Recognizing the importance of shareholders and corporate governance promotion, The Company facilitates shareholders in nominating, in advance of the Shareholders Meeting, a qualified candidate for the Company’s director election in Shareholders Meeting, under the criteria below
1.1 To be the Company’s shareholder holding either by one or several shareholders combined;
1.2 To hold minimum shares of 5 percent of the total share with voting right;
1.3 To must comply with regulations of the Securities and Exchange Commission (SEC).
2. Nomination of a qualified candidate for directorship
2.1 The qualification of the Company’s director according to the laws and regulations, the board of directors must consist of at least five (5) but not greater than twenty (20) as well as not less than half of whom shall reside within Thailand and as follows:
2.1.1 Director qualifications under the Public Limited Companies Act B.E. 2535
2.1.2 Director qualifications under the Securities and Exchange Act B.E. 2535
2.1.3 Director qualifications under notifications of other regulatory agencies are:
– Notification of the Securities and Exchange Commission No. KorChor. 8/2553 Re: Determination of Untrustworthy Characteristics of Company Directors and Executives, dated April 23, 2010
– Notification of Capital Market Supervisory Board TorChor 19/2553 Re: Rules for Listing Names of Persons on Database of Directors and Executives of Securities Issuing Companies
– Letter of the Stock Exchange of Thailand No. BorChor. (Wor) 50/2549 Re: Limit of Directorship in Other Companies, dated September 29, 2006
– Notification of Capital Market Supervisory Board TorChor 28/2551 Re: Application for and Approval of Offer for Sale of Newly Issued Shares
– Circular No. KorLorTor Kor (Vor) 30/2552 regarding the number of Independent Directors.

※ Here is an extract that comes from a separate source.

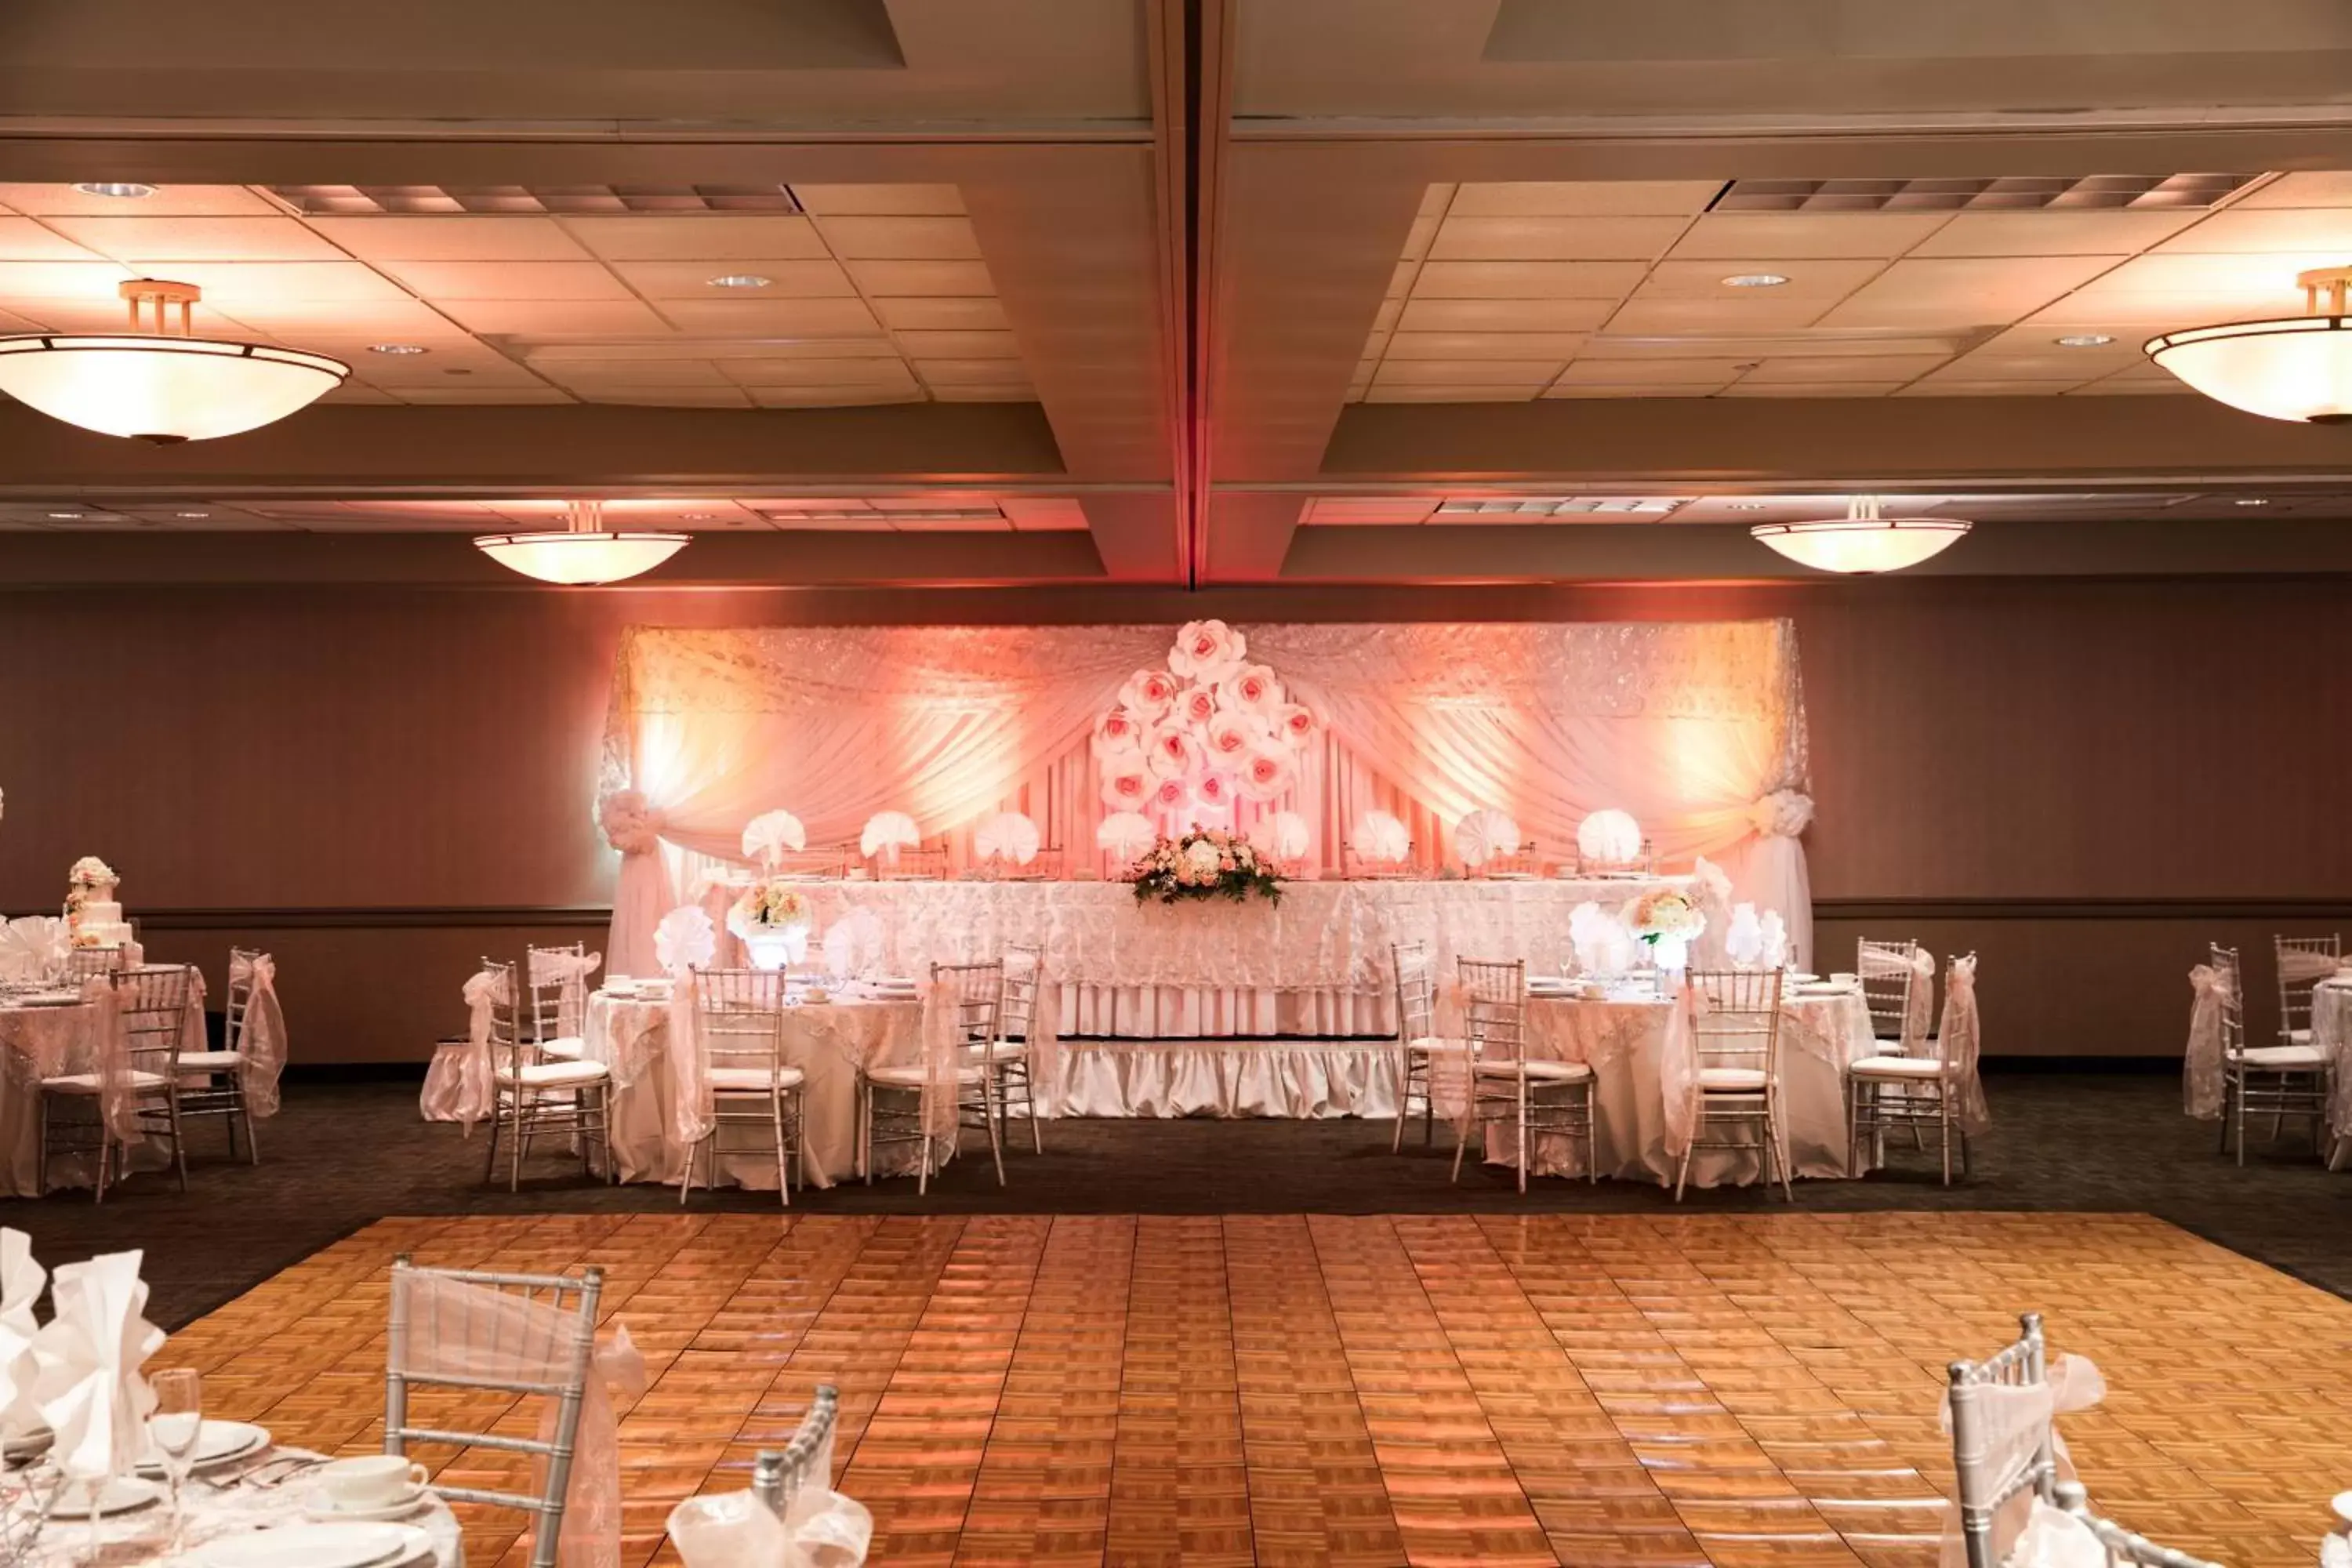 Banquet/Function facilities, Banquet Facilities in Clarion Hotel Concord Walnut Creek

– Circular No. Kor Lor Tor Kor (Wor) 11/2552 Re: the Amendment of the Regulation regarding the independent director.
– Notification of the Capital Market Supervisory Board No. ThorChor. 4/2552 Re: Application for and Approval of Offer for Sale of Newly Issued Shares (No. 2), dated February 20, 2009
– Notification of the Capital Market Supervisory Board No. ThorChor. 15/2554 Re: Application for and Approval of Offer for Sale of Newly Issued Shares (No. 5), dated July 25, 2011
– Notification of the Securities and Exchange Commission No. KorChor. 3/2559 Re: Determination of Untrustworthy Characteristics of Company Directors and Executives (No. 2), dated July 12, 2016
3. The consideration procedure
3.1 The shareholder, fully qualified as in clause 1, shall fill out the “Nomination of Qualified Candidate for Director Election in Shareholders Meeting Form”, together with “Bio-data of Candidate for Director Election in Shareholders Meeting Form” of the nominated candidate and submit them with other complete supplementary documents as required by the Company via registered mail to the following address October 1 to December 31 year by year.
Corporate Secretary Office
Pranda Jewelry Public Company Limited
28 Soi Bangna-Trad 28, Banga,
Bangna, Bangkok 10260
Please note on the right corner of the envelop “Proposal the Shareholders Meeting agenda”
In case where several shareholders would jointly nominate a candidate, each of them must fill out the “Nomination of Qualified Candidate for Director Election in Shareholder Meeting Form”, and sign their names as evidence separately. Then the forms should be gathered into one set.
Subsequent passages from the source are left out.